Task prompt
Please keep to the lines below from the one with "סקיני ג'ינס Ripped" through the one with "Las máquinas de", and restate them word for word, ends included.

Stored data
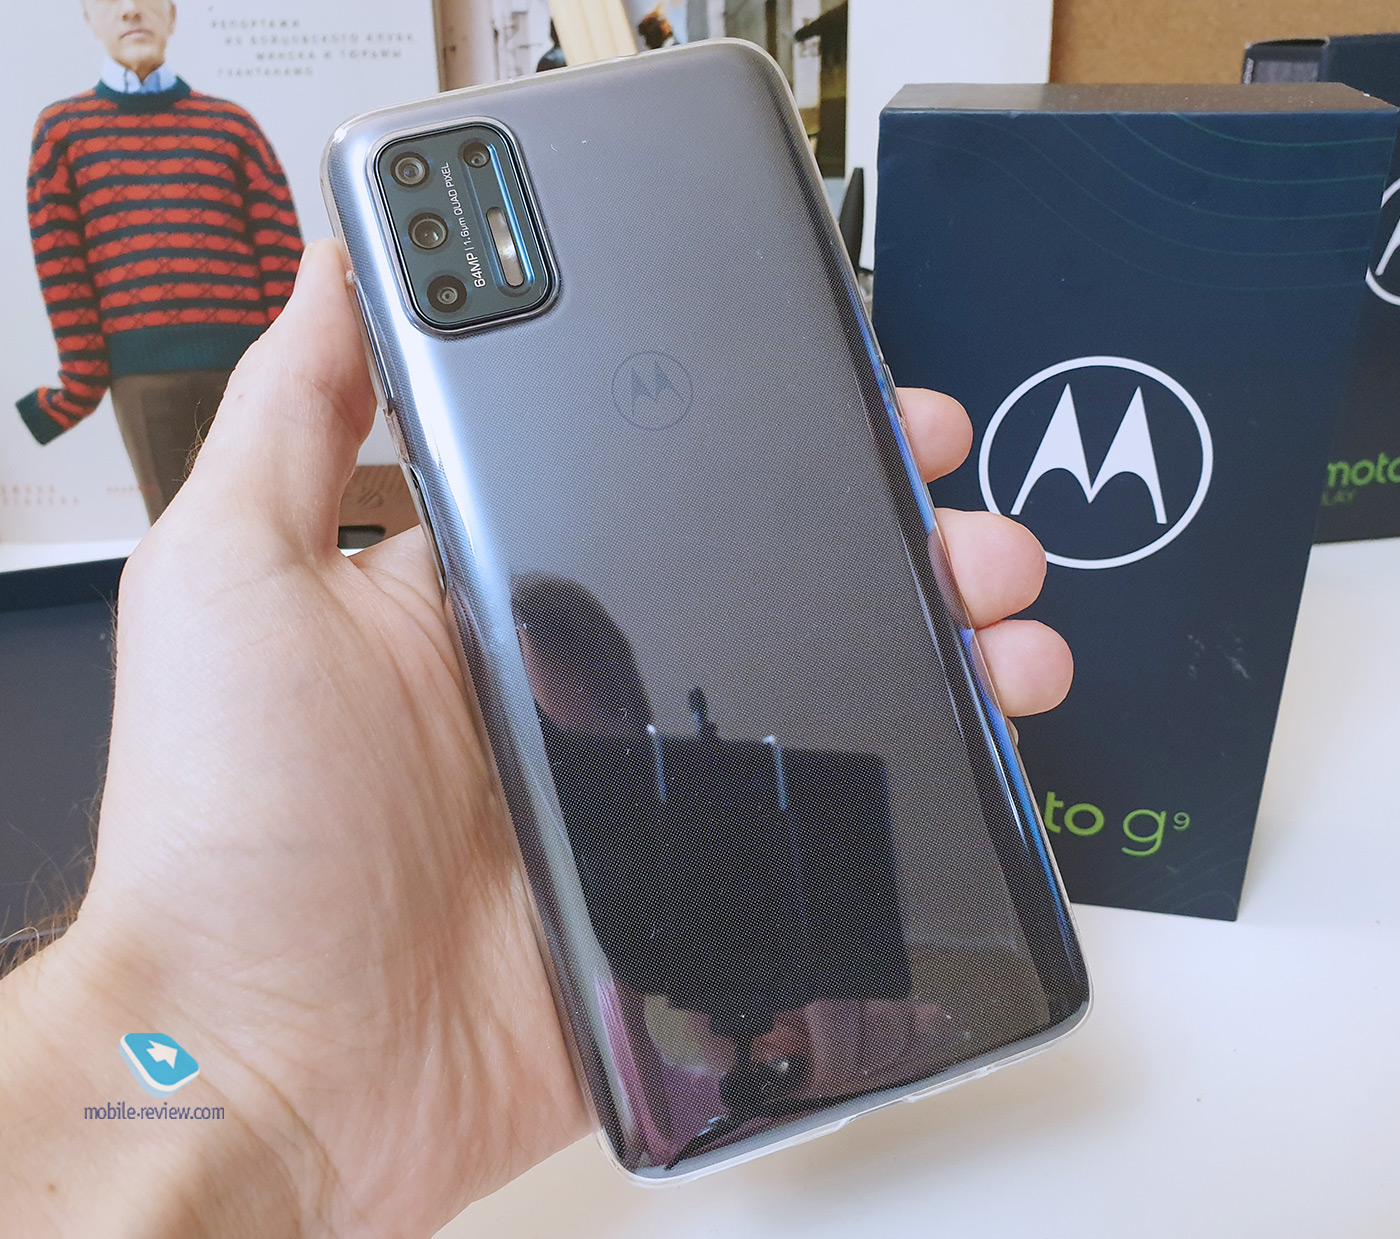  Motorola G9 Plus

==

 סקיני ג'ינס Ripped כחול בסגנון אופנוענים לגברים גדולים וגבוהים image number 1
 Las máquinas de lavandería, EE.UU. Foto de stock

Written response
 סקיני ג'ינס Ripped כחול בסגנון אופנוענים לגברים גדולים וגבוהים image number 1
 Las máquinas de lavandería, EE.UU. Foto de stock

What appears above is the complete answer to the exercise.